\setcounter{chapter}{3}
One of the most useful parts of RMarkdown is the ability to weave or 'knit' text (as we've seen in the previous three chapters) together with the code that produces tables and graphics for your final document. This has various advantages such as:
To 'knit' such text and code together, code for particular graphs or tables should first be inserted into the text in 'chunks'.
These chunks are opened with three backticks and closed in a new line with another three backticks.
The code that produces the desired output is included between these lines,
which can include comments etc.
A key part of these chunks are the chunk parameters,
which are included in braces immediately following the first set of backticks.
The first parameter indicates the programming language.
The second parameter,
which is optional and should be separated from the first parameter only by a space,
is a chunk label.
It is important that this chunk label includes no spaces and is unique to this chunk.

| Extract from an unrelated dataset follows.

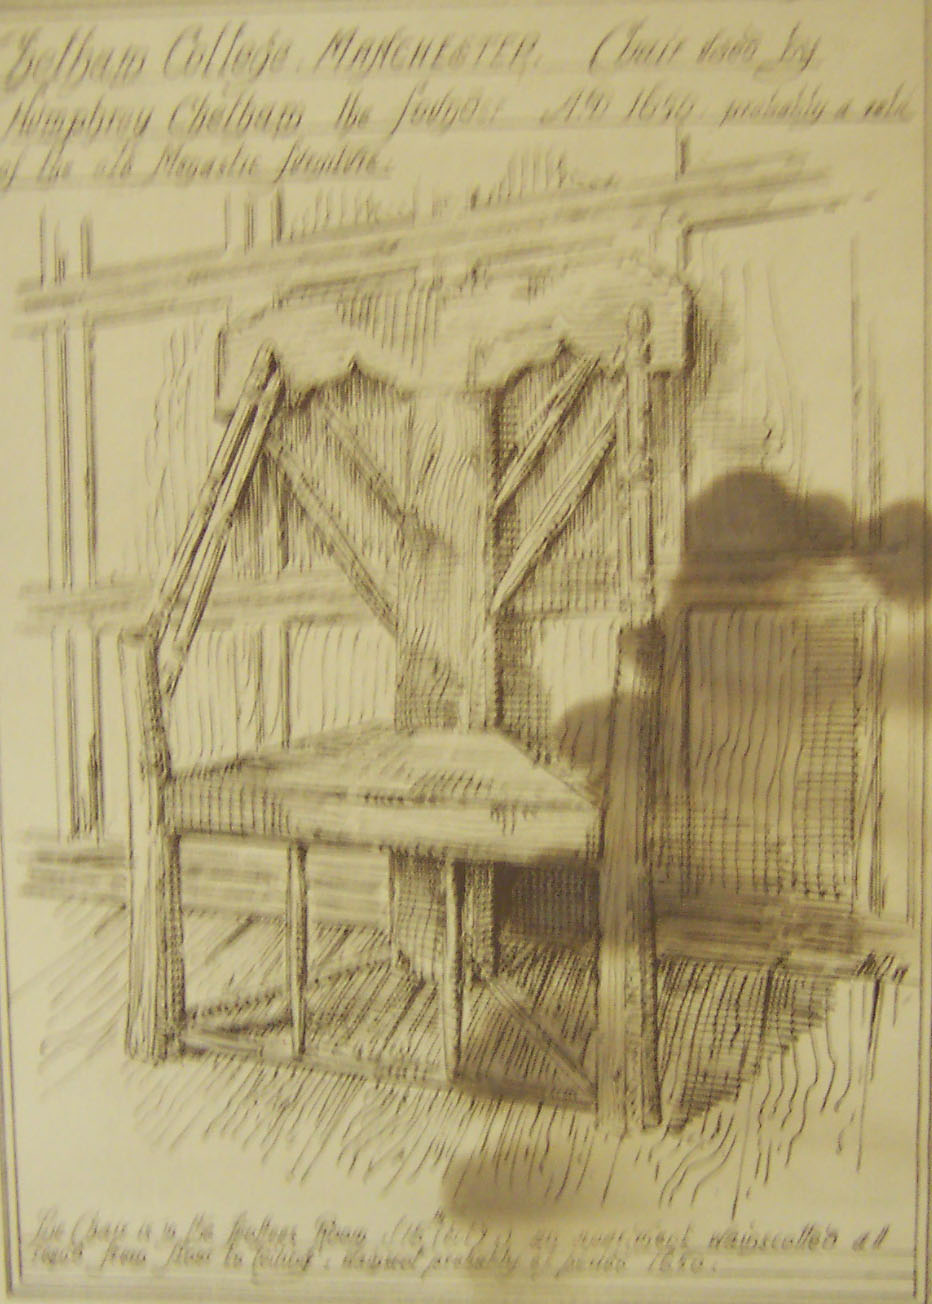 Chetham College, Manchester: Chair used by Humphrey Chetham

Then, separated by commas, are any additional parameters included.
In the figure below, two examples are included:
whether or not the code itself should be shown (echo
)
and whether or not the code should be evaluated or run (eval
).
Other parameters that we will see later include figure width, captions, etc.^[More information is available at https://yihui.org/knitr/options/.]

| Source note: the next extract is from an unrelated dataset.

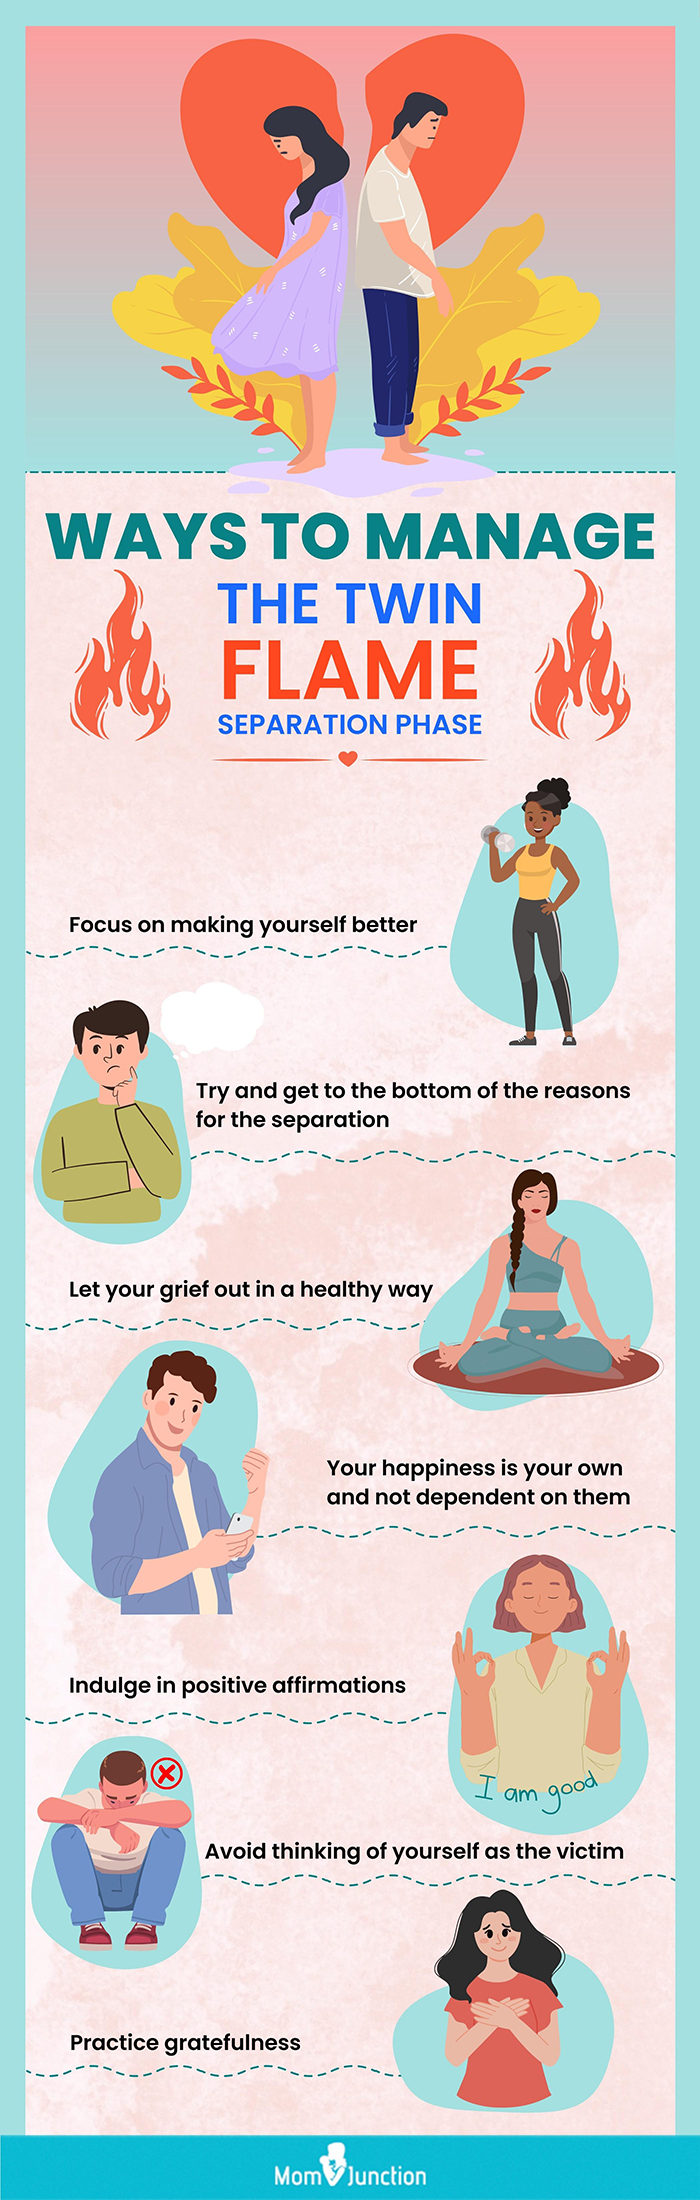 Infographic Dealing With Twin Flame Separation

knitr::include_graphics("figures/chunk-parts.png")
In the code chunk shown in Figure \@ref(fig:chunk-parts), we can see that it is loading a package library. Functions and objects loaded or created in earlier chunks are cached by default and thus held on to for use in later chunks. It is therefore quite common to have a chunk early on in your chapter (or even your whole dissertation) that loads a number of the packages you need later on. As an example, below is a short code chunk that loads a set of R packages that we are going to rely on for the rest of this chapter.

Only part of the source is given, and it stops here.